In Princeton professor Sheila Pontis’ engineering course, “Creativity, Innovation, and Design,” her students often tasked with addressing social issues on campus — sleep imbalances, diversity and inclusion, gender inequalities — through design.

“After having taught at Princeton for a few years and from my interaction in class, I have noticed feelings of loneliness among them,” said Pontis. “Most of them don’t articulate the feelings with this word but they feel under pressure, alone, and that they don’t have anyone to talk within this competitive environment. This made me choose the topic to work with.”

Over the course of a semester, the 29 students were divided into nine teams working to mitigate loneliness on campus. From the outset, Dr. Pontis stressed that there was no “right way” to go about fighting loneliness and social isolation.

Dr. Jeremy Nobel, FAH founder (and Princeton University alum) sat on a panel of five experts evaluating the students’ designs on potential impact, the practicality of implementation, creativity and riskiness, and overall appeal for the intended audience. The implementation cost of the proposed design solutions was also taken into account, in terms of cost versus benefit.

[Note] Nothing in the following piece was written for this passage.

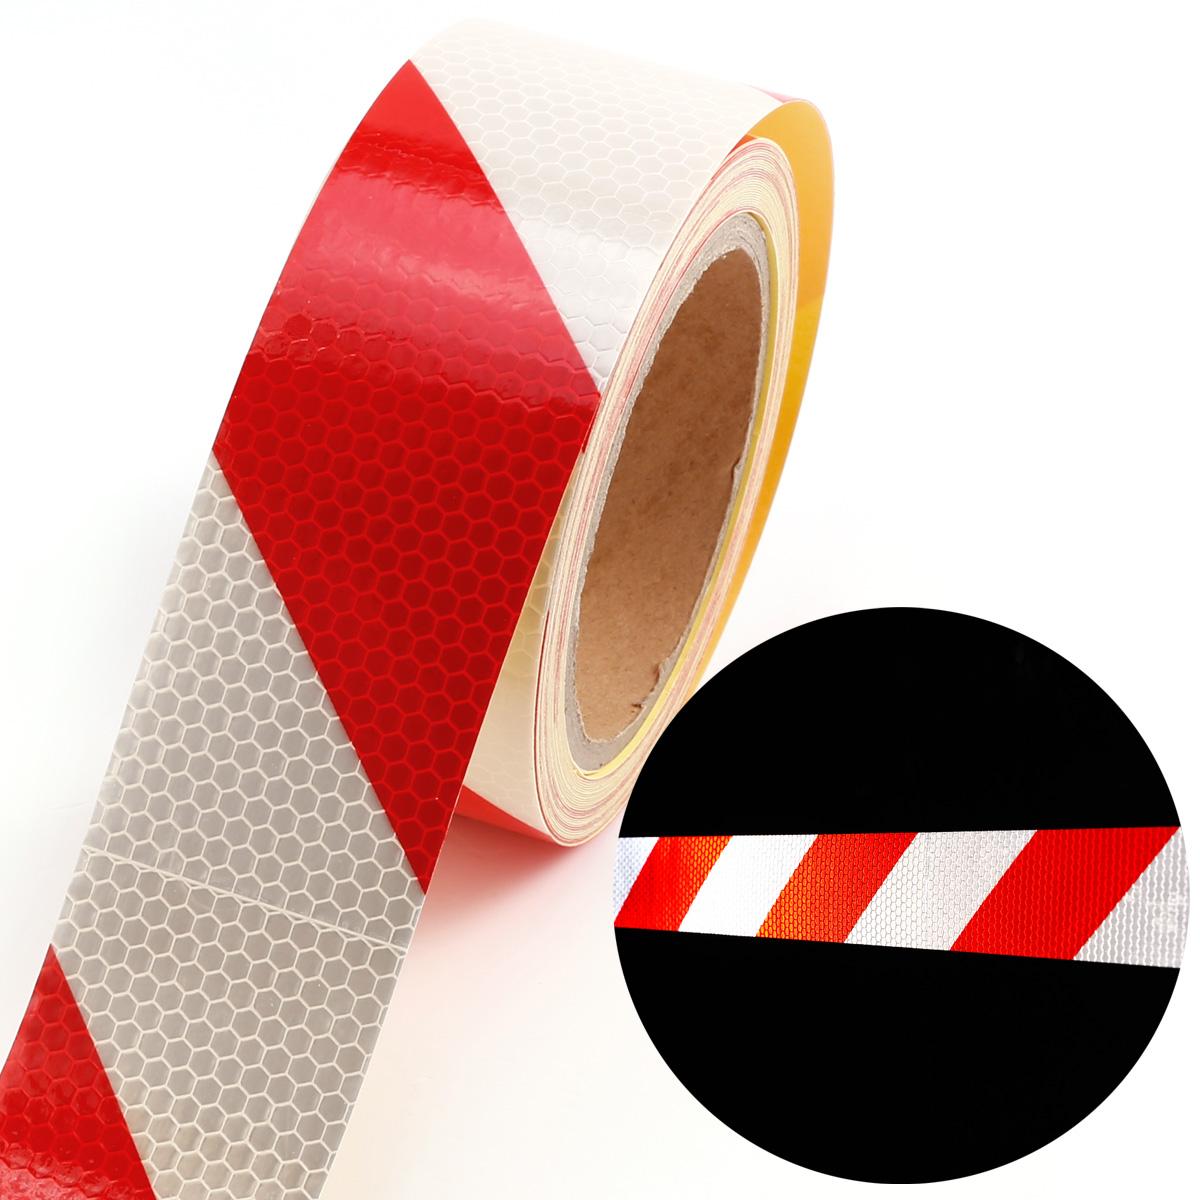 10m bande r fl chissant ruban adh sif autocollant s curit v lo moto rouge blanc ebay. Black Bedroom Furniture Sets. Home Design Ideas

“There were some great questions from students trying to understand loneliness, and how it’s different from being alone,” said Dr. Nobel. “We discussed the importance of making connection fun, and not like just another homework assignment.”

Along with Dr. Jeremy Nobel, psychologist Jonathan Geller, John Kolligian, Executive Director of Princeton University Health Services, Sonya Satinsky, Director of Princeton’s Health Promotion and Prevention Services and Matt Weiner, Associate Director of Religious Life at Princeton, served as judges for the class.

So what did the students come up with? One team redesigned the Student Center to feature a more circular layout, encouraging more face-to-face interaction and casual encounters. Another group shifted the layout of residential halls, including more communal space in which residents could share experiences. Other students proposed mobile apps that supported incoming freshmen, alerting them to campus events and providing an opportunity to find party “buddies.” Each group took on the challenge differently, imbuing their designs with their own experiences. And throughout the class, the students, too, were able to connect, share, and receive.